Eaten late morning, for lunch, or as afternoon snacks, they are taken with a small glass of wine known as an ‘ombra’, or shadow, as it was originally served within the shadow of Venice’s campanile.

Cannaregio, perhaps a 20-minute walk from the Doges Palace, also has a number of discreet boutique-style hotels.

We stayed at one of the newer ones, Hotel Heureka; a beautifully-furnished 10-room residence which blends the historic character of the building with modern furnishings. And one of the aspects that makes this hotel so special is that it retains its magical garden.

With waterfront access onto the Madonna Del Orto canal, guests enter a stylish reception and lobby bar to step out into a peaceful haven of shady trees, hydrangeas and colourful shrubs and bushes.

A late 16th Century Venetian palazzo, Hotel Heureka’s sympathetic restoration saw the frescoes, columns and vaulted ceilings retained and the two Piani Nobili - long light-filled spaces off which the rooms are set – brought to life with fabulous furnishings and décor.

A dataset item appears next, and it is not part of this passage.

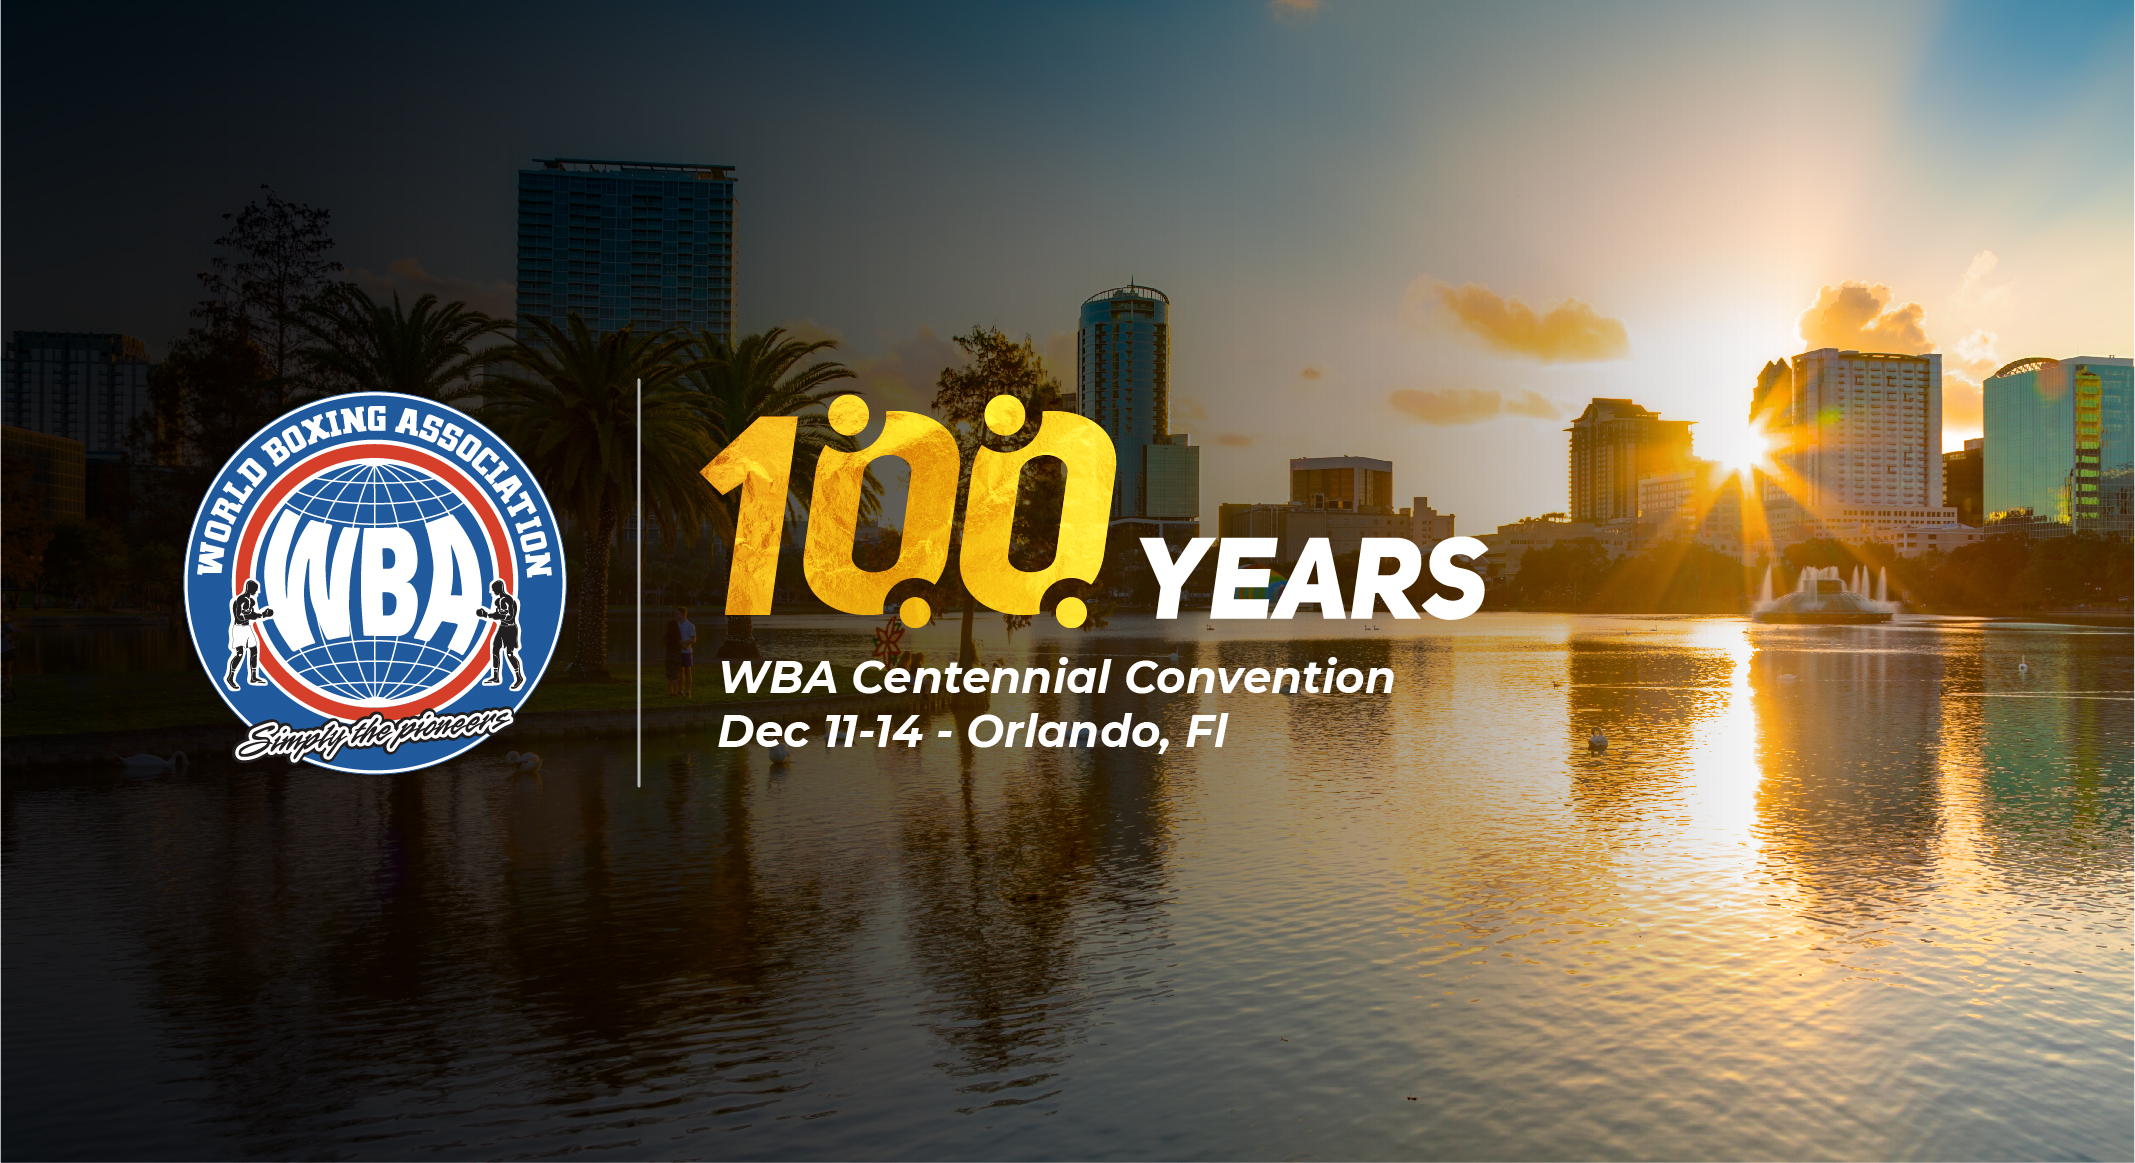 WBA Centennial Convention will be December 11-14 in Orlando, Florida 

There is also a music room with a grand piano for recitals, and a library and chess room.

Each bedroom has impressive individuality with the Venetian architectural legacy combining with contemporary furnishings and fabrics.

The mix of deluxe doubles and suites have four-poster beds, lamps, designer bathrooms with freestanding baths, and paintings by Julian Khol, specially-commissioned for the hotel, to interpret the spirit of each room.

Don’t be put off by the location of Hotel Heureka if you wish to explore the city and head for the main sites – distances in Venice are small and you are soon on the main artery of the Grand Canal and wandering towards the city’s main square.

Hotel Heureka’s general manager, Andrea Penzo, explained: ‘We see the Heureka as a quiet place where people can have time to relax and enjoy the house, and the garden is very unusual - a real secret in the Cannaregio area.

‘We know it will take a little longer to visit the centre of Venice but people really do want to be away from the crowds and that is what they find with this place.’

The hotel does not have its own restaurant but serves a wonderful breakfast and has the lobby bar where you can enjoy an aperitivo or a digestive or order a cocktail to drink in the garden setting.

And there are numerous places nearby to seek out dinner, such as the excellent canal-side Rioba, a couple of bridges over from Hotel Heureka.

If you head into the centre of Venice at the height of the day it can be busy, but we made an early start to walk towards Piazza San Marco when it was cooler and less crowded.

That left the afternoon free to enjoy the ambience of Cannaregio, such as visiting the nearby church of the Madonna del Orto – the Madonna of the garden - where Tintoretto painted and now lies at rest. This year the church celebrates 500 years since his birth in 1519.

And then we had the remainder of the day to relax with a book and a glass of wine amid the greenery of Hotel Heureka’s pleasant garden.